== Segment start ==

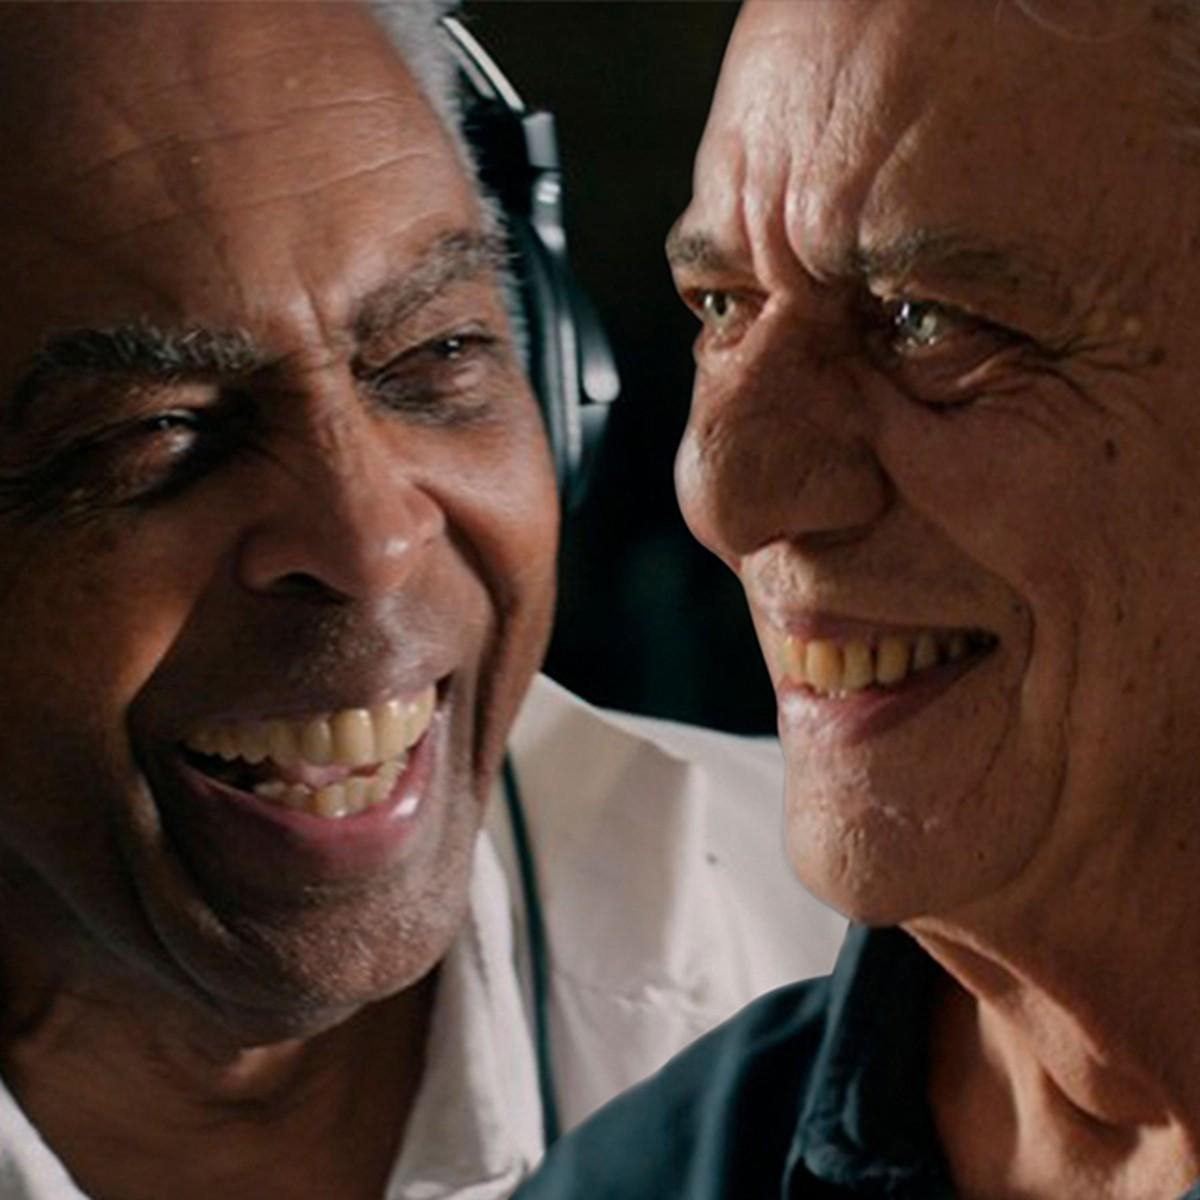 Gilberto Gil e Chico Buarque são ases no 'jogo de verdades e mentiras' que denunciam no single 'Sob pressão' | Blog do Mauro Ferreira
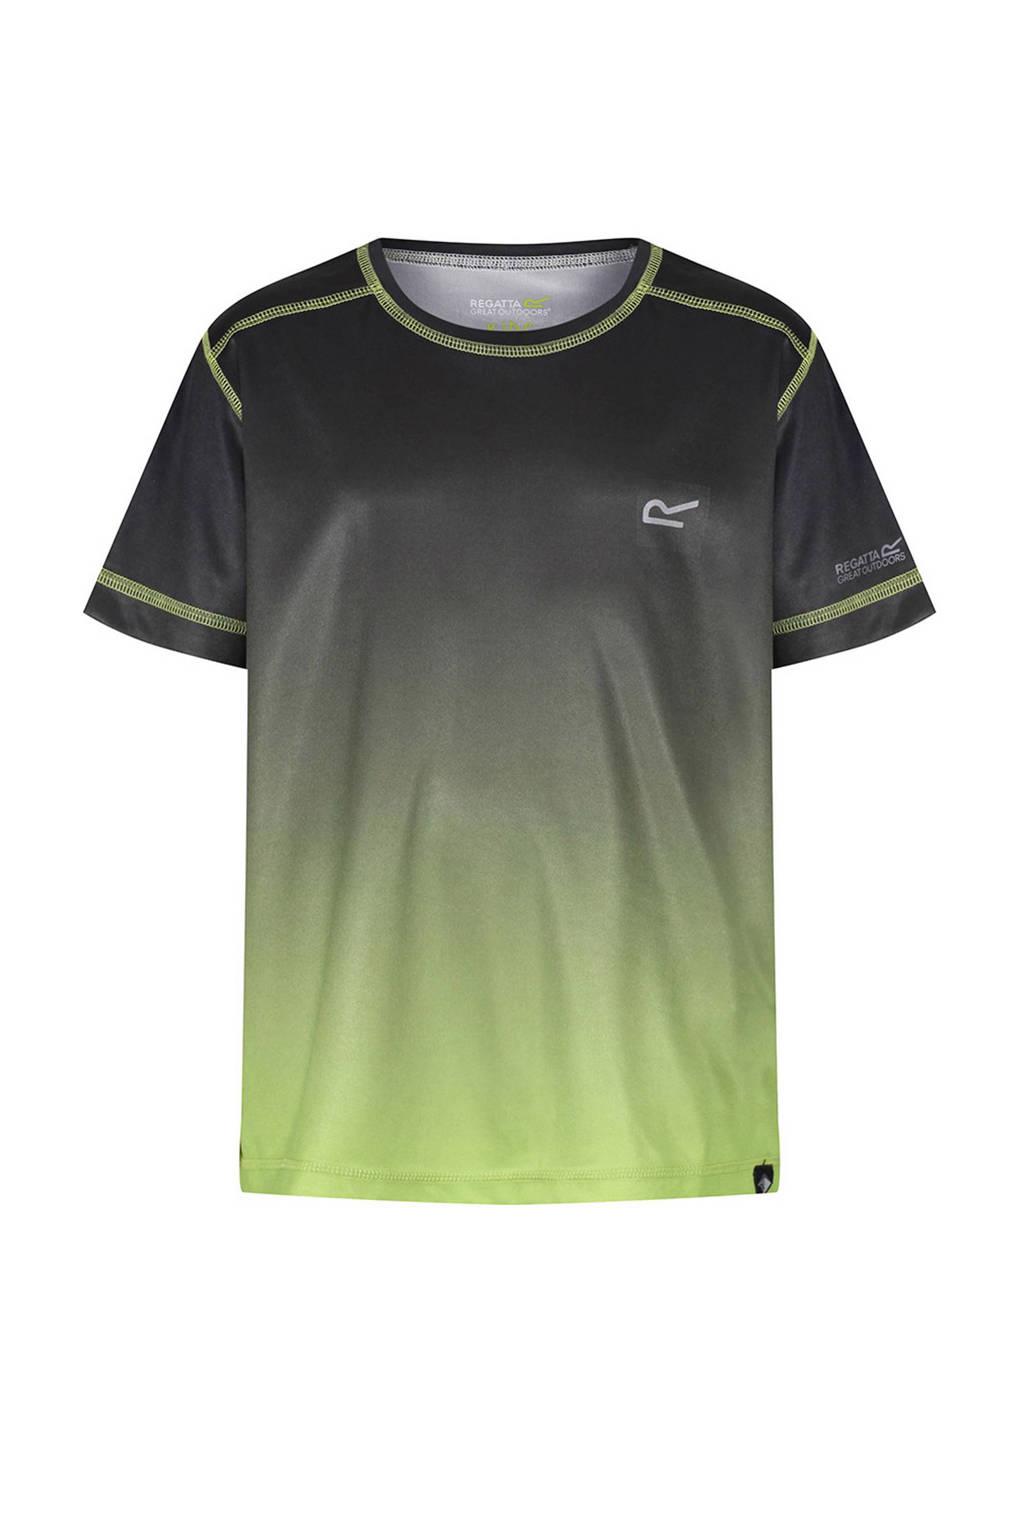 Regatta Fazed outdoor T-shirt grijs/groen, Grijs/groen
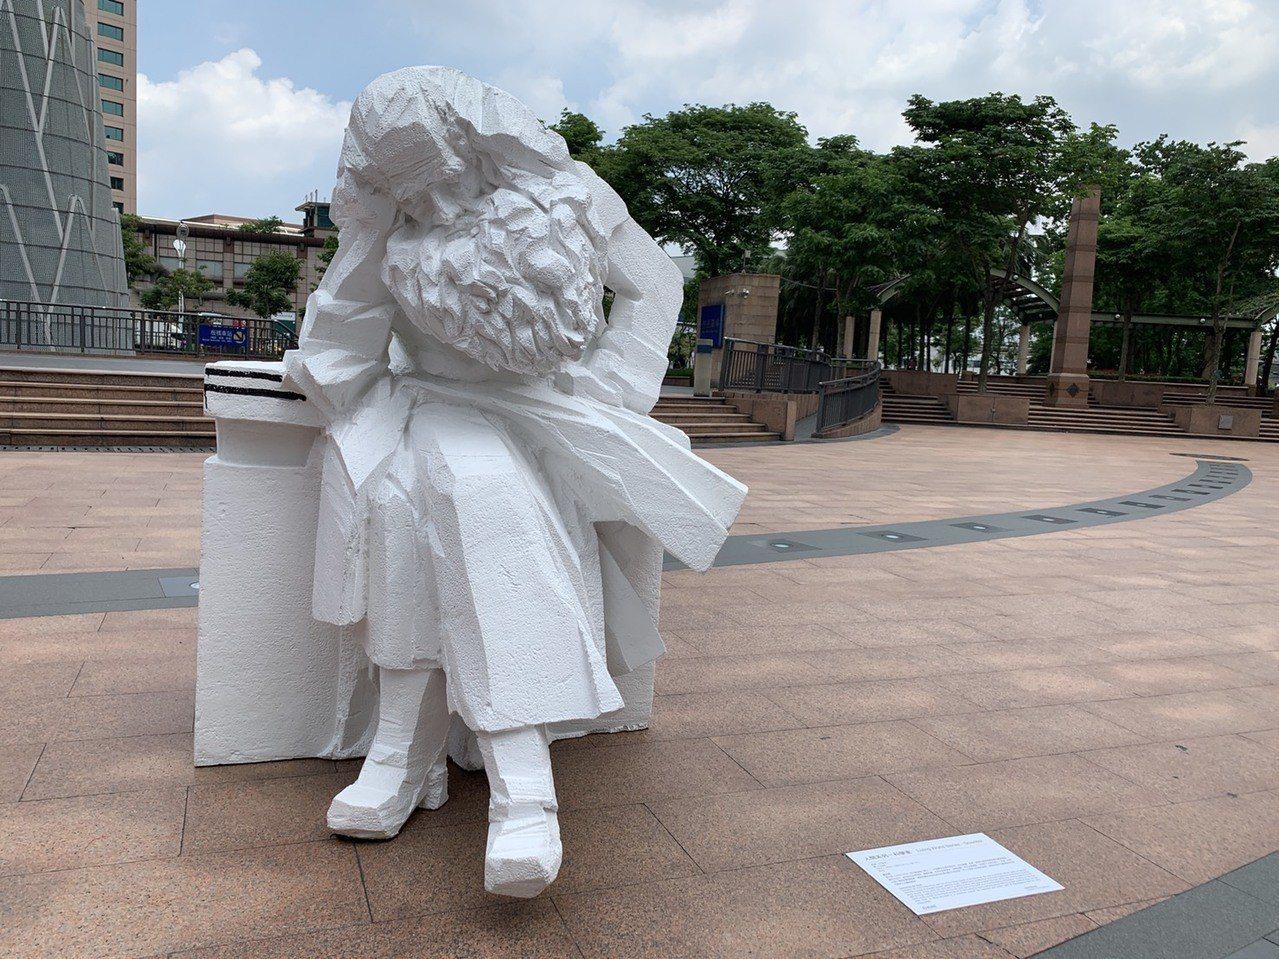 朱銘「人間系列─科學家」雕塑品中萊特兄弟、達爾文及達文西3座從未發表過的新作品,...

== Segment end ==

### REQUIRED ACTION:
Everything above should be given again exactly, apart from the pictures.

### ANSWER TO THIS TASK:
 Gilberto Gil e Chico Buarque são ases no 'jogo de verdades e mentiras' que denunciam no single 'Sob pressão' | Blog do Mauro Ferreira
 Regatta Fazed outdoor T-shirt grijs/groen, Grijs/groen
 朱銘「人間系列─科學家」雕塑品中萊特兄弟、達爾文及達文西3座從未發表過的新作品,...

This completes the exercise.